How Does Changing Rows Affect a 4x4 Matrix Determinant?

[snoggerT]

If a 4X4 matrix A with rows v1, v2, v3, and v4 has determinant det A = -8

then det
|(4v1+3v4)|
|___v2___|
|___v3___| =?
|(8v1+9v4)|

- I put the underscores for spacing.

The Attempt at a Solution

- I haven't attempting anything on this problem. There are no examples even remotely like this in the text and we haven't been shown anything like this in class, so I really have no clue how to even start. Please help.

 

[HallsofIvy]

Use "row reduction". Subtract 2 times the first row from the second row. Do you know what effect row reduction of a matrix has on a determinant.

 

[snoggerT]

use row reduction on the 1X4 determinant given?

 

[HallsofIvy]

There is no such thing as a "one by four" determinant! Every determinant, by definition, must be "square". There exist "one by four", or other dimension, matrices but only square matrices have determinants. You said yourself "a 4X4 matrix A with rows v1, v2, v3, and v4". The "rows" v1, v2, v3, and v4 must be 4 dimensional vectors.

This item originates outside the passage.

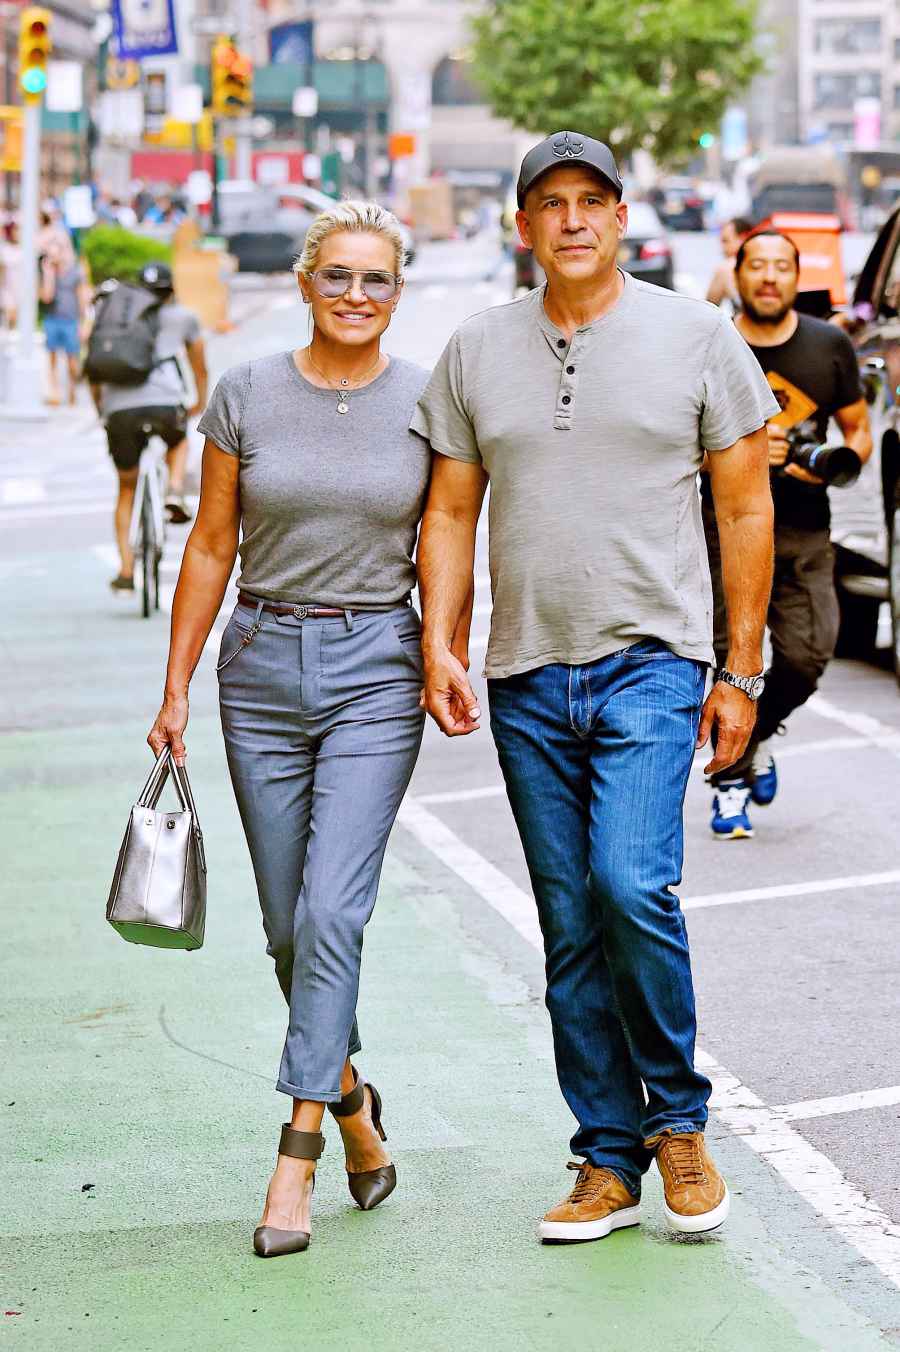 Yolanda Hadid Holds Hands With Mystery Man 1 Month After Ex David Foster’s Wedding

Subtracting twice the first row from the second row gives you a matrix with rows 8v1+ 3v4, v2, v3, 3v4. Subtracting the new third row from the first row gives a matrix with rows 8v1, v2, v3, 3v4. Dividing the first row by 8 gives a matrix with rows v1, v2, v3, 3v4. Finally, dividing the fourth rwo by 3 gives a matrix with rows v1, v2, v3, v4. How did those row operations change the value of the determinant of that matrix? If the final result is -8, what must the original determinant have been?

 

[snoggerT]

Maybe I'm reading the way they have the determinant setup wrong. I was seeing it as 4v1+3v4 as row 1 and v2 as row 2 and v3 as row3 and and 8v1+9v4 as the 4th row (because I was viewing the determinant as a matrix I suppose). What is the correct way to read it? That might help a lot in me understanding the problem.

 

[snoggerT]

This is where I'm confused. I can use row reduction on the new matrix and it is the same as the original (v1,v2,v3,v4), but I know the determinant isn't the same. How does that relate them?

 

[HallsofIvy]

Yes, that is exactly right. And since v1, v2, v3, v4 have 4 members, this is a 4 by 4 determinant. For example, if v1= <1, 2, 0, 1> and v4= <-1, 0, 2, 1> are the top and bottom rows of the original matrix, then 4v1+ 3v4= <4, 8, 0, 4>+ <-3, 0, 6, 3>= <1, 8, 6, 7> and 8v1+ 9v4= <8, 16, 0, 8>+ <-9, 0, 18, 9>= <-1, 15, 18, 17> are the top and bottom rows of the new matrix, and of its determinant.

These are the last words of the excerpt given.